Monday, October 30, 2023

High Suspicion (1)

 


HIGH SUSPICION

Things needed a change, a turning of a corner, a breaching of a cusp, a logging of a watershed. So, I prayed for no more topless mansions, no more vertical eyes, no more attic-brained complexes, above all, no more long words catalysing the evolution of sentences. Yet, something went quite awry in the first sentence, I guess, my prayers left unanswered, so I took myself off to see the sentence shrink in the hope he would ease my contorted expressions into more simple ones and to do this with the least pain possible.

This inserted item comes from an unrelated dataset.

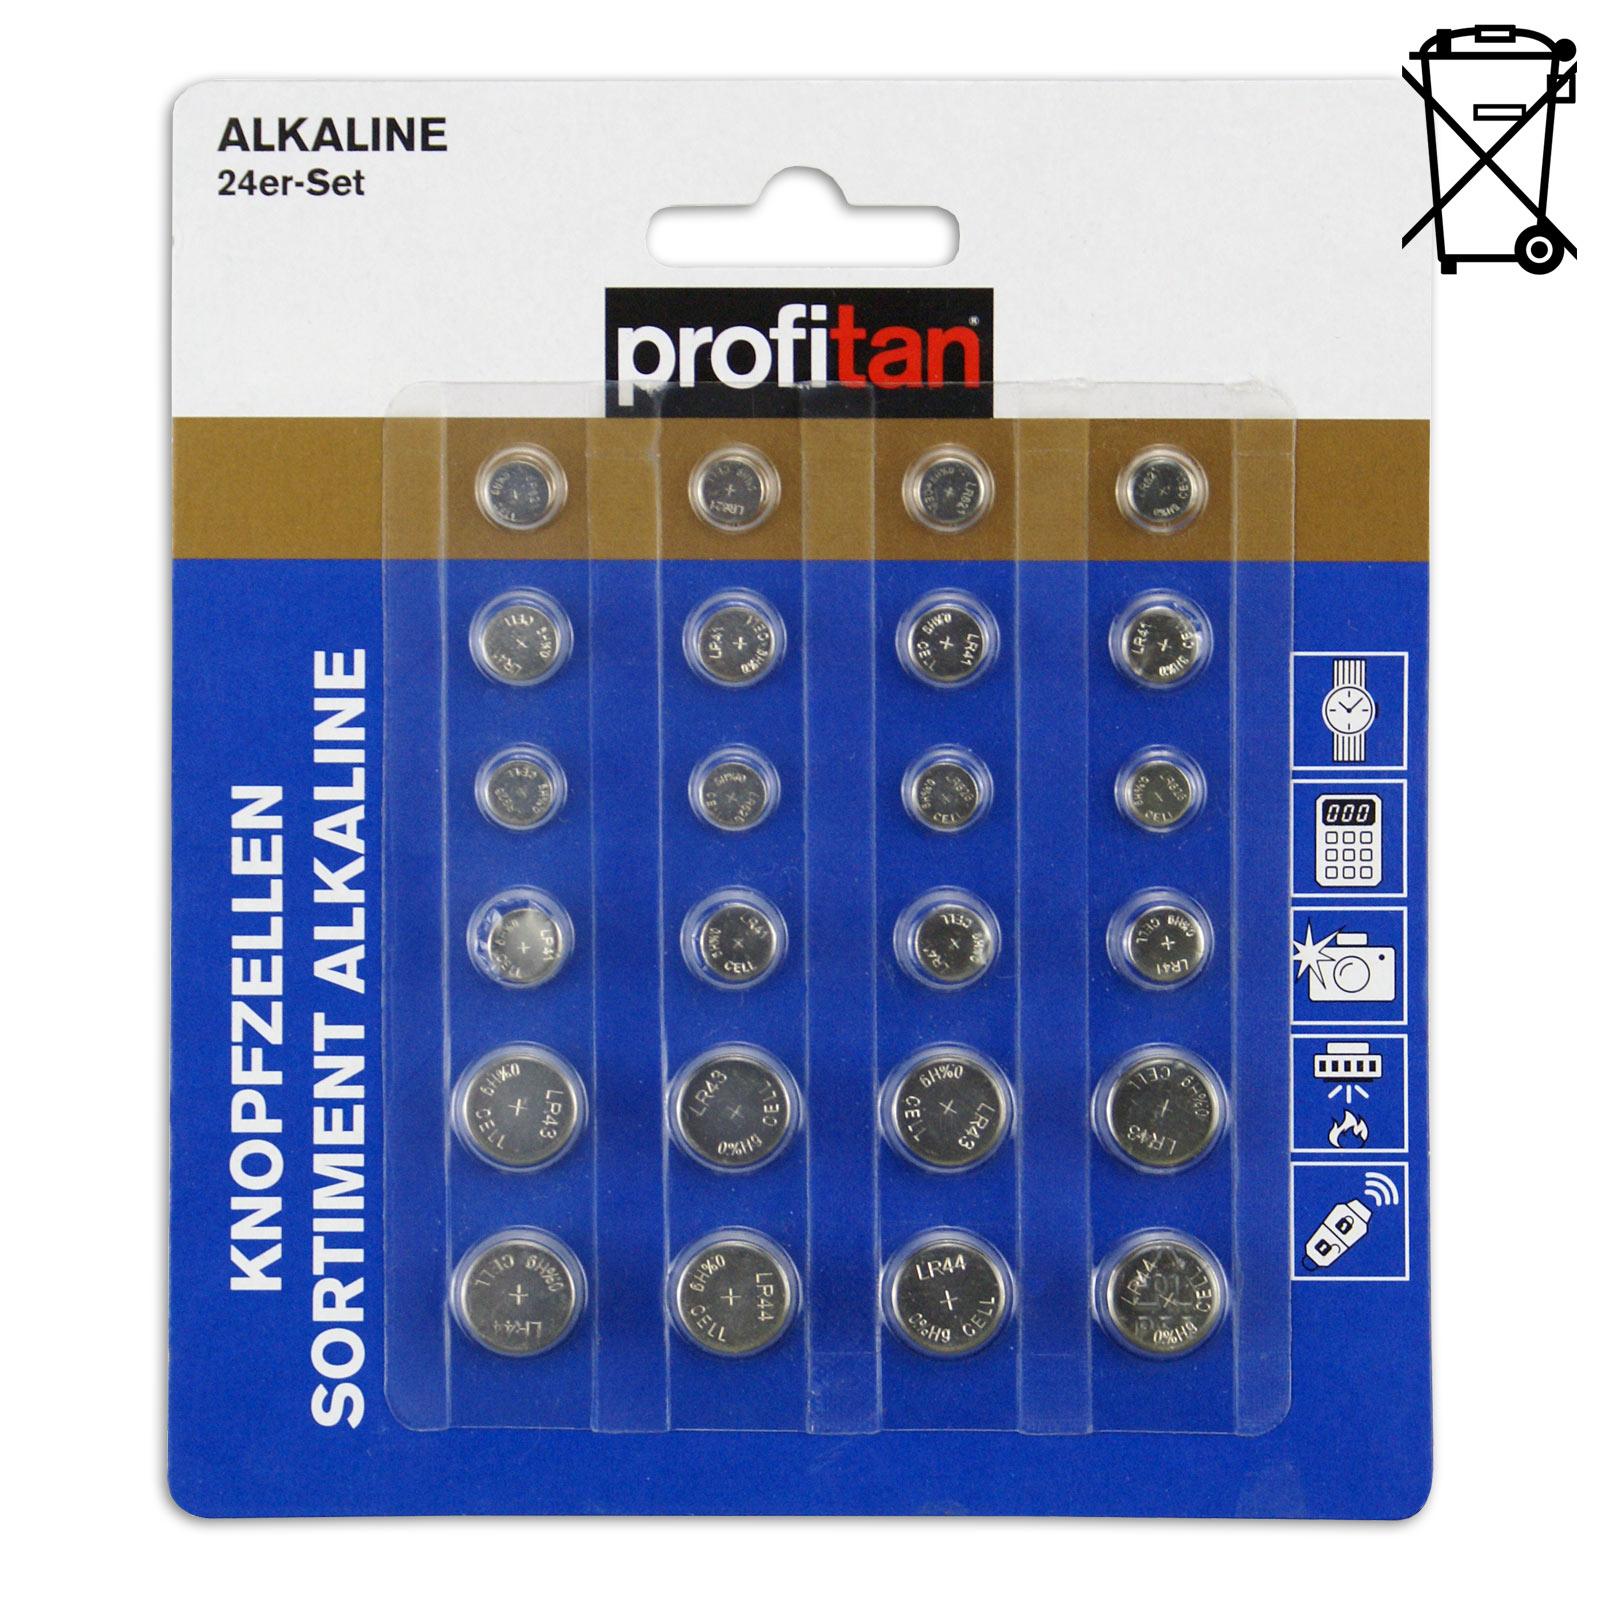 Alkaline 24 Stück ROLLER Knopfzellen-Sortiment

I’ve booked an appointment for late in the day in the hope that I will be able to finish this piece before being sluiced clear of the prose style that has fitted me for decades like a comfortable hairshirt. However, the appointment has now come and gone. I have a high suspicion that whatever treatment he has given me will be a slow process, allowing me to finish my final pretentious text before the medicine he injected into me fully kicks in. And so I duly feel a painful simplicity overtaking me. And I am done.

Sussing Out

I had heard that Toby had developed in himself a high suspicion of approaching blindness, with all that such a condition involved. How he knew this was about to happen was a mystery to all his friends and, although I’m not a particular friend of Toby, I was called to his place to suss out the situation in advance of a doctor being consulted. It was thought better first for a quack’s verdict such as mine with a steely instinct, as that may well disperse suspicion of any superstition involved in Toby’s self-diagnosis. 

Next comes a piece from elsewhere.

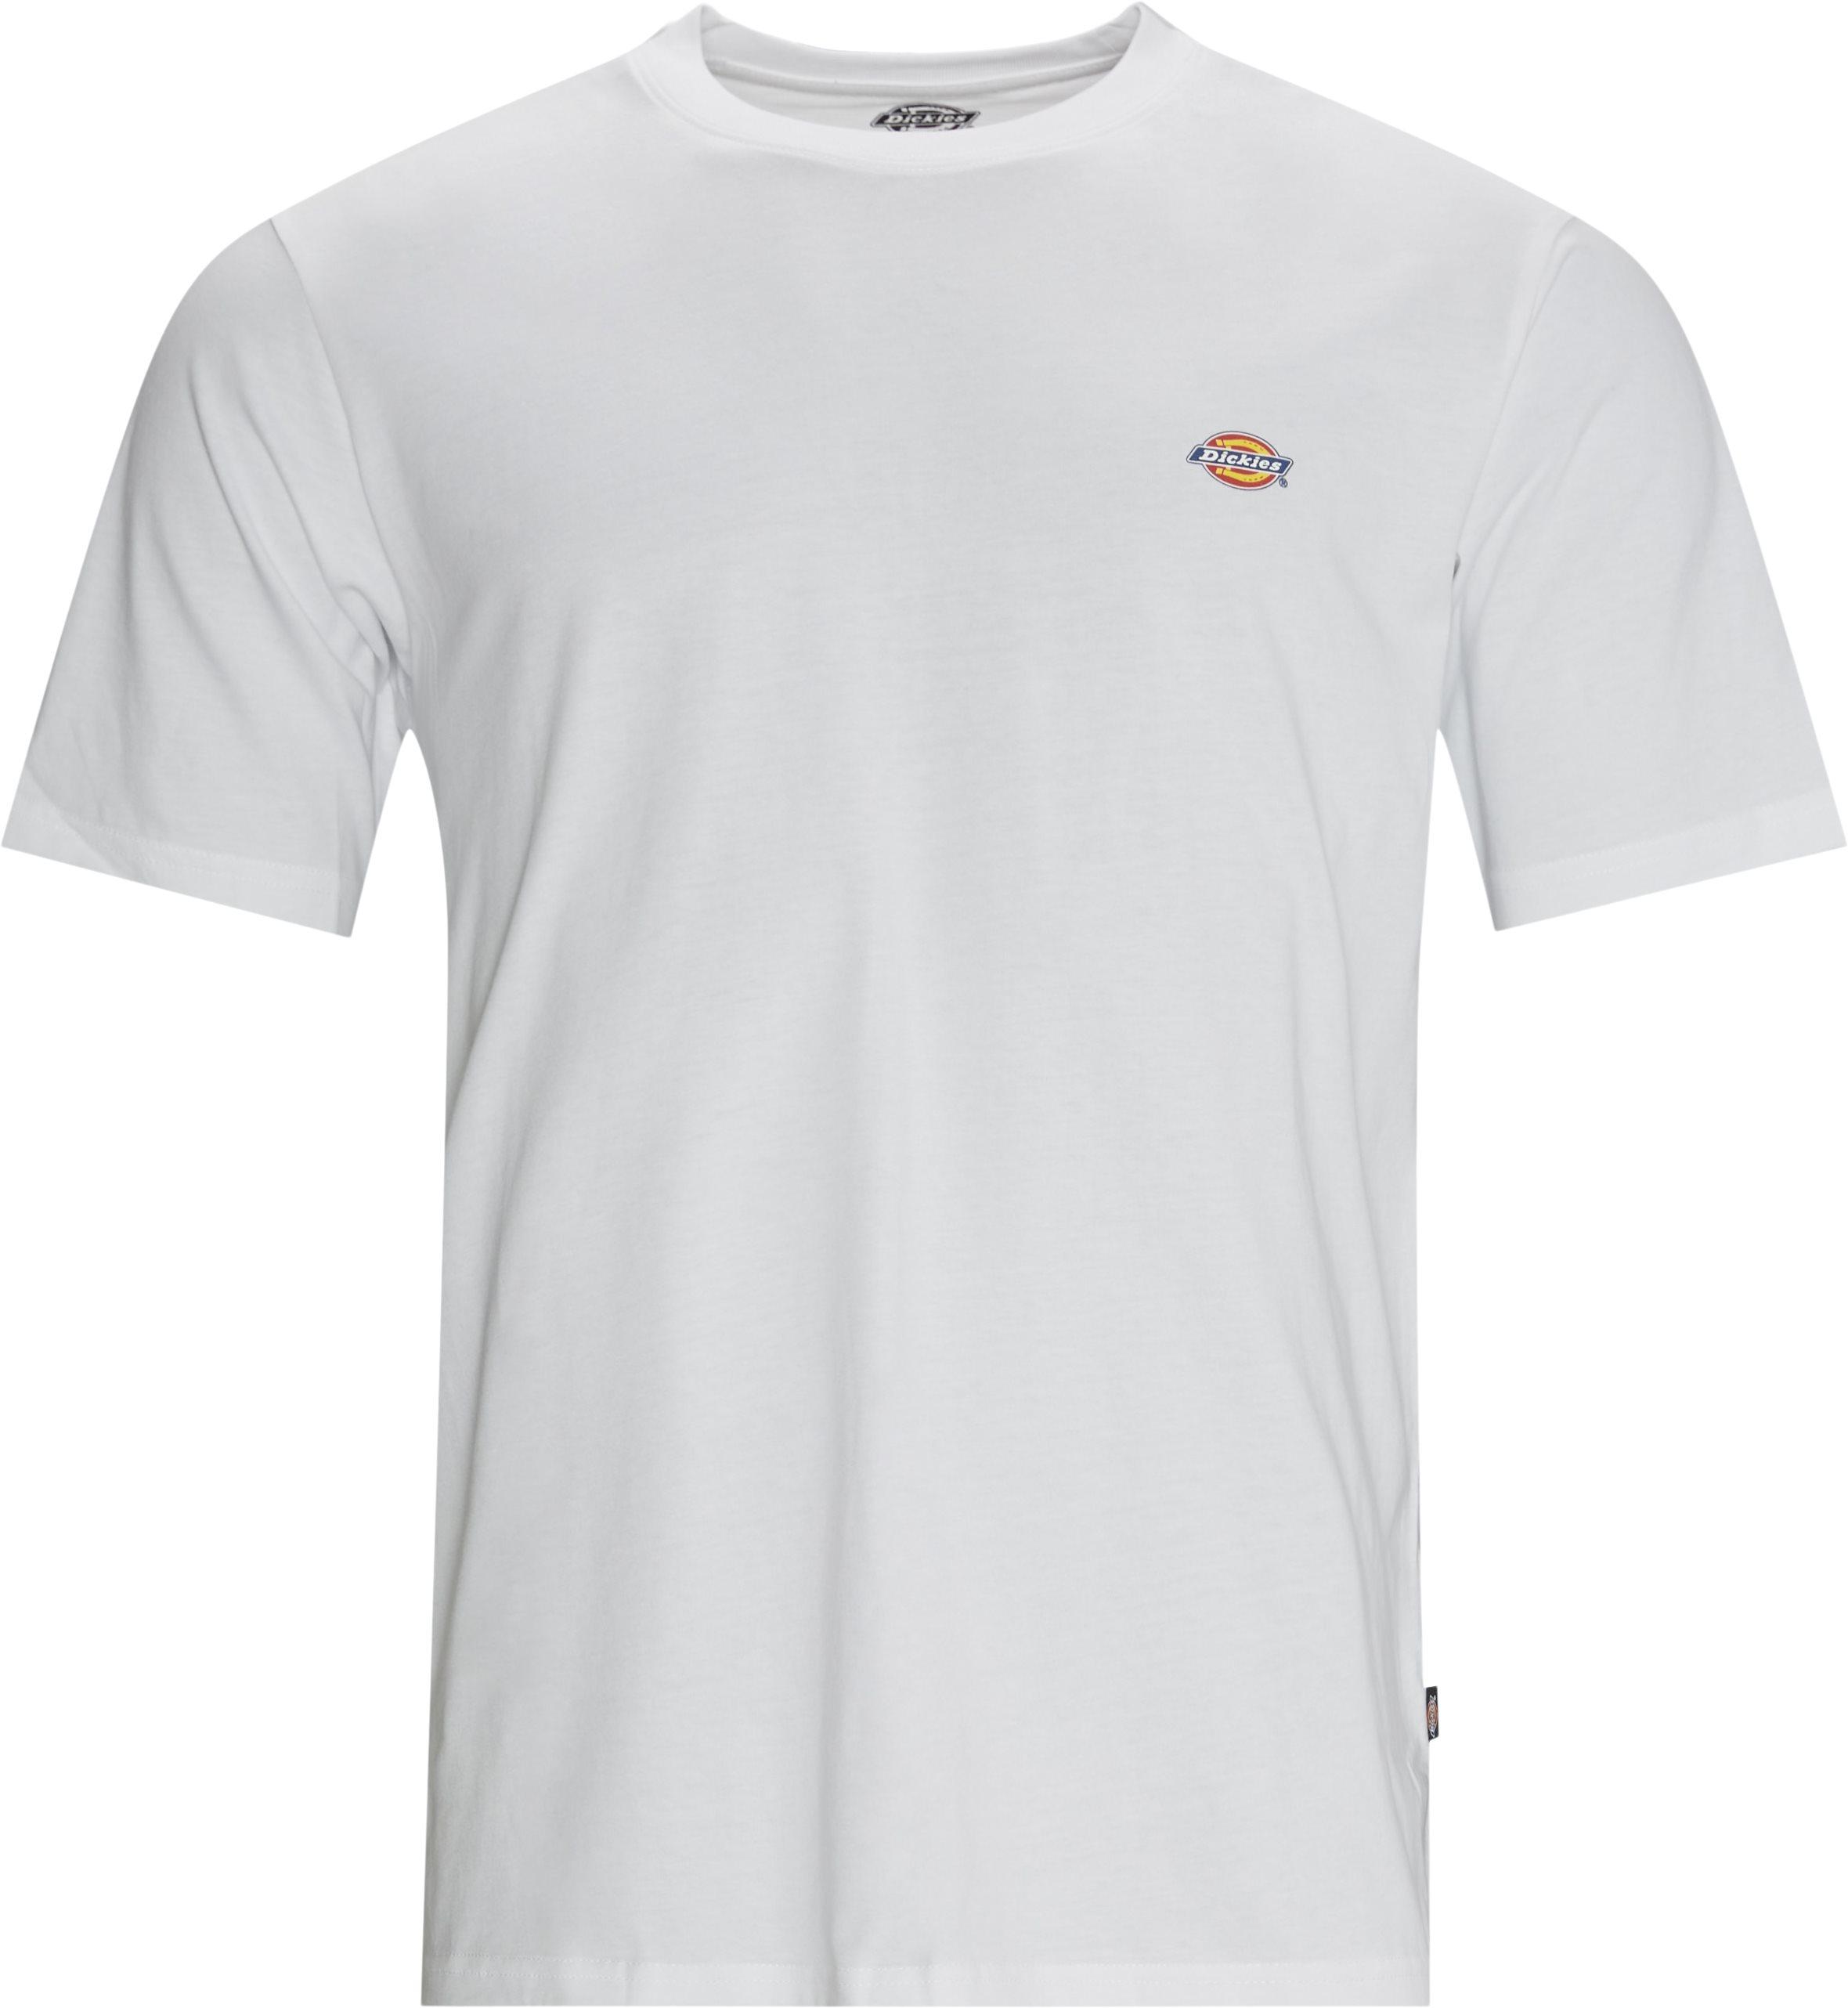 SS Mapleton Tee - T-shirts - Regular fit - Vit

I always try to keep things simple but I am required to do justice to this complex situation. So in the early days of my rapprochement with Toby, I feared I may well wander into territory that was so subtle, much more than simple simplicity would be needed. However, as far as I can now tell, simplicity had won out straightaway. So, I just told Tony not to be silly. He shrugged, and that was the last we heard of the matter.

To be blind, or not to be blind, was no more difficult a dilemma than whether simply to believe in the condition of blindness or not.

If you know anyone claiming to be blind, ask them to prove it beyond any shadow of doubt. Their word of mouth is simply not enough.


A Simple Formula

Let me explain the background on how we sell to the existential market, and the ludicrous wordplay required. 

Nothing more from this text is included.